Russie Info : Racontez-nous l’histoire de la section syndicale MPRA de la région de Kalouga ?

Daniel Pyatov: La section a été créée en 2009. Elle a pris beaucoup d’importance ces derniers temps puisqu’elle est passée de 600 adhérents à 2.000 en seulement six mois. Le MPRA syndique actuellement 36% des ouvriers de Volkswagen. Nous avons une équipe très dynamique sur place qui sait comment rassembler les travailleurs. Nous avons d’abord obtenu le nombre de signatures nécessaires pour faire reconnaître notre mandat par l’employeur, puis nous sommes allés négocier la convention collective. A présent, le défi principal sur ce site consiste à ne pas avoir seulement beaucoup d’adhérents sur le papier, mais aussi beaucoup de camarades prêts à participer activement à la vie du syndicat, car c’est en faisant participer les travailleurs que nous arrivons à les intéresser et à les fidéliser.

Le syndicalisme est très présent à Kalouga car cette région est un pôle de l’industrie automobile russe. Elle abrite les usines de Peugeot-Citroën-Mitsubishi, Volkswagen, et plein d’autres petits fabricants de composants pour l’industrie automobile. Aujourd’hui, nous avons des sections syndicales influentes chez Volkswagen, ainsi qu’à l’usine Benteler où nous avons mené une grève dure au début de l’année 2011.

Un groupe informel d’activistes souhaiterait également monter une section syndicale à l’usine de Peugeot-Citroën-Mitsubishi. Nous les avons contactés mais nous ne sommes pas encore prêts à déclarer la section à l’employeur, nous attendons qu’elle soit suffisamment bien implantée pour résister à d’éventuelles pressions. Nous effectuons toujours un travail de préparation avant de déclarer une section syndicale car les réactions des employeurs sont souvent hostiles.

Russie Info : Quel regard portez-vous sur la situation des ouvriers de l’usine Peugeot-Citroën-Mitsubishi ?

Daniel Pyatov: Nous n’avons pas encore de section dans cette usine donc je ne peux pas donner de chiffres exacts, mais les salaires y sont plus bas que chez les autres producteurs automobiles. De plus, les salaires contiennent une proportion importante de primes que la direction peut menacer de retirer.
Les cadres de Peugeot font croire aux ouvriers que leurs conditions de travail sont meilleures que chez Volkswagen et qu’ils n’ont donc pas besoin de section syndicale.

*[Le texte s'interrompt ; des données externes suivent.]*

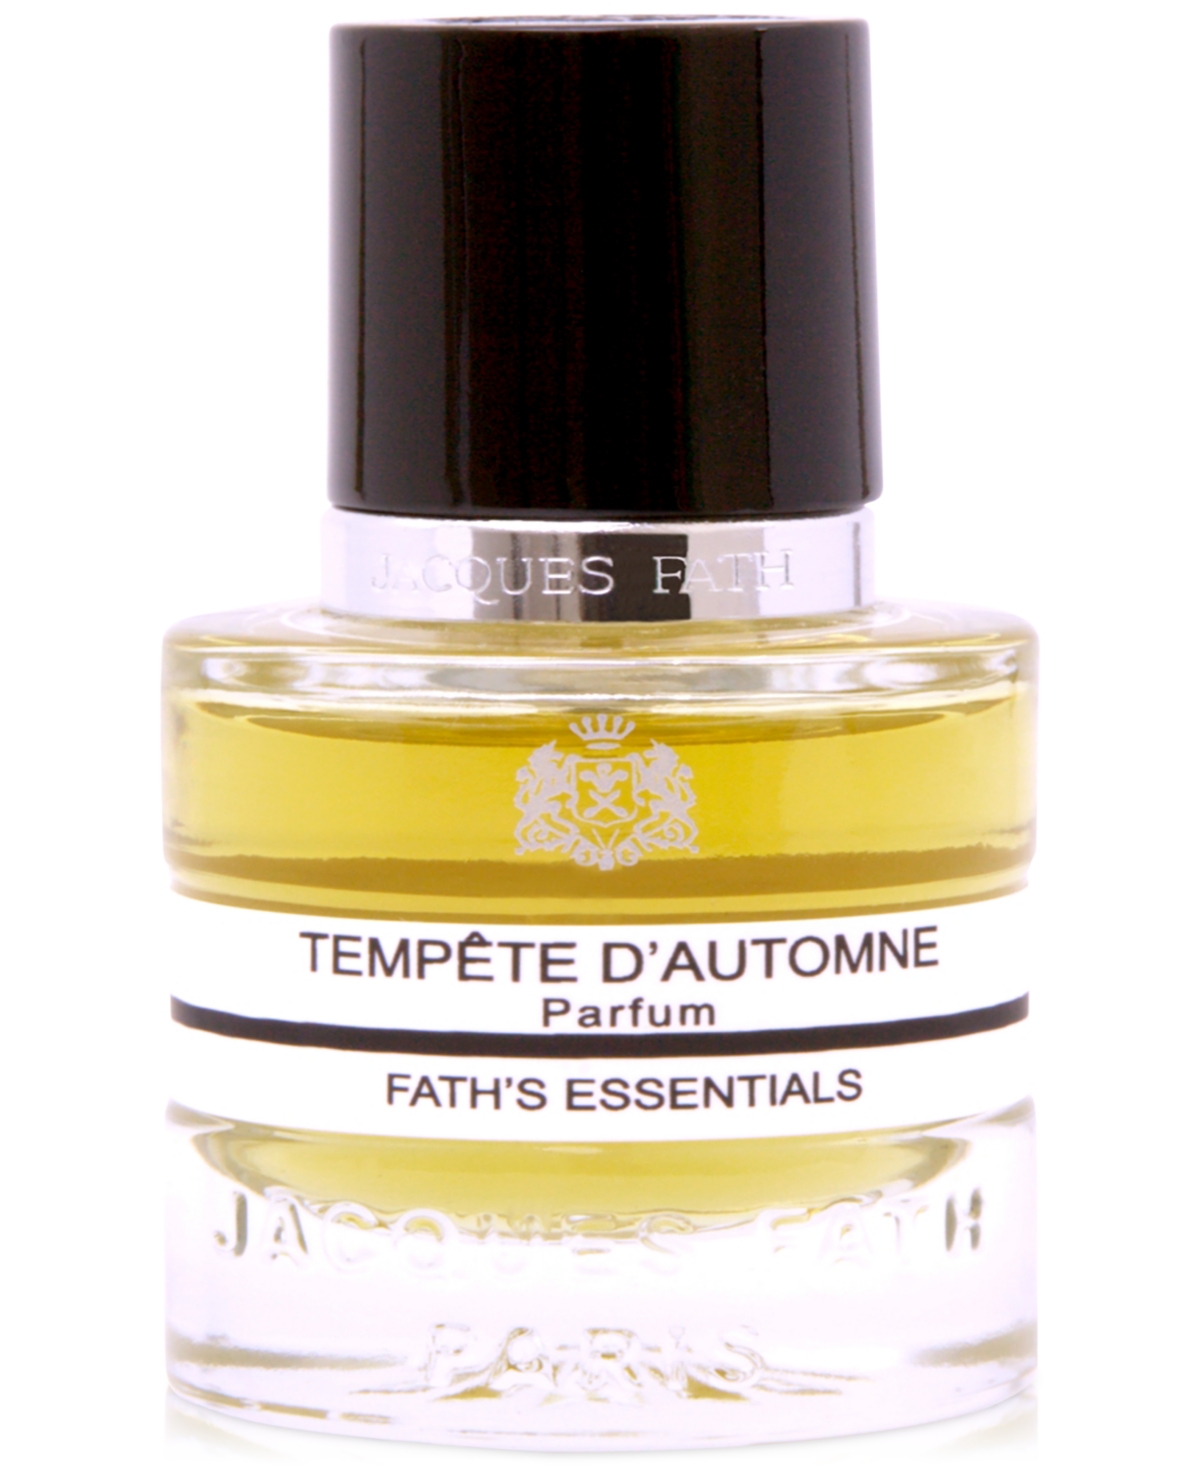 Tempete d'Automne Parfum, 0.5 oz.
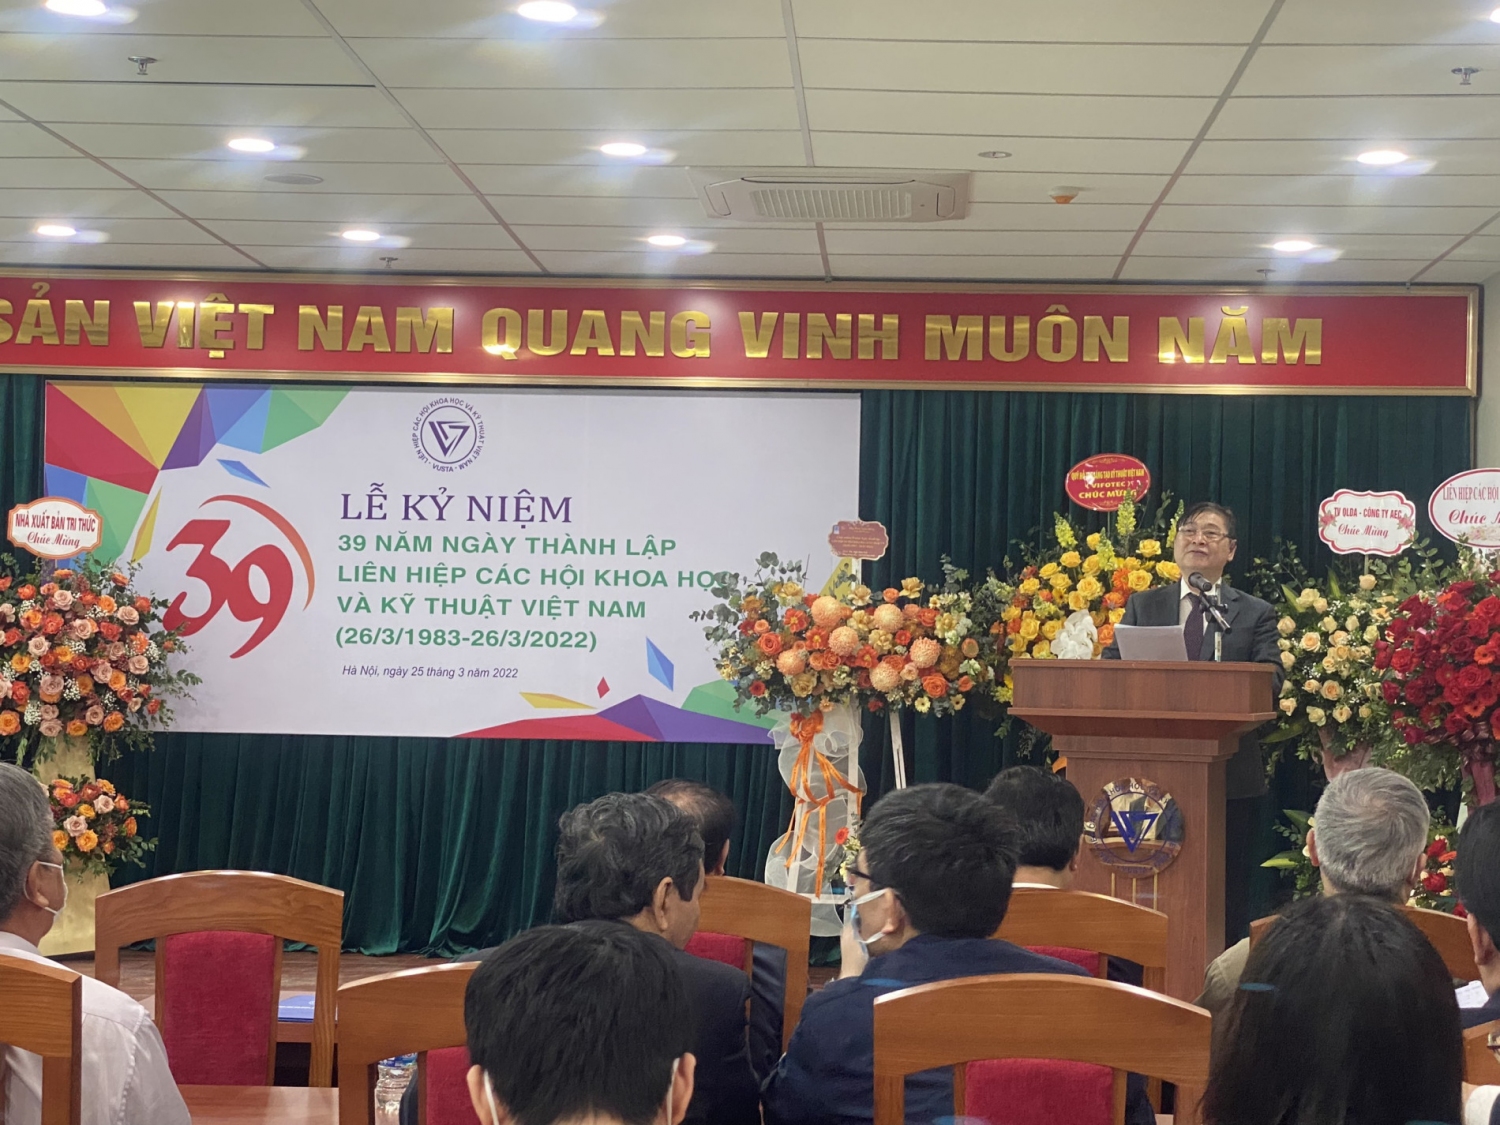 Chủ tịch Liên hiệp Hội Việt Nam Phan Xuân Dũng phát biểu tại Lễ kỷ niệm

Mais les militants de chez Volkswagen sont allés discuter avec les ouvriers à l’entrée de l’usine Peugeot-Citroën-Mitsubishi, et ils leur ont expliqué l’intérêt de monter une section syndicale et leur ont proposé du soutien.

Le problème avec Peugeot, c’est que l’entreprise réduit la production dans le monde entier, y compris à Kalouga où ils diminuent le nombre des équipes de travail. La production change et de plus en plus d’équipes sont transférées au secteur Mitsubishi.
Par ailleurs, la syndicalisation des ouvriers à Kalouga a fortement stimulé l’augmentation des salaires. En 2009, un ouvrier chez Volkswagen pouvait toucher 7.000 roubles (environ 155€) par mois, désormais le salaire de base est de 25.000 roubles (environ 556€). Alors qu’il stagne à 19.000 roubles (environ 422€) chez Peugeot, sauf erreur de ma part.

Russie Info: Que pensez-vous des mouvements de grève à l’usine Antoline de Saint-Pétersbourg au cours desquels une vingtaine de militants ont été licenciés puis réintégrés après que le licenciement eut été invalidé par le parquet ?

Daniel Pyatov: Les grèves à l’usine Antoline sont un phénomène marquant car les ouvriers en Russie vont rarement jusqu’à la grève dans la contestation. La complicité des autorités avec la direction de l’usine dans ce cas était flagrante. La police était à leur service et a dispersé plusieurs fois les ouvriers rassemblés devant l’usine. Cet épisode peut devenir un cas d’école d’auto-organisation des travailleurs.

La grève change un homme, elle lui fait comprendre que c’est lui qui décide si l’entreprise va fonctionner ou pas. Si on regarde la Russie d’aujourd’hui, le régime politique est plus démocratique qu’il a pu l’être autrefois, néanmoins comme dans toute démocratie bourgeoise, les élites politiques servent avant tout les intérêts des capitalistes.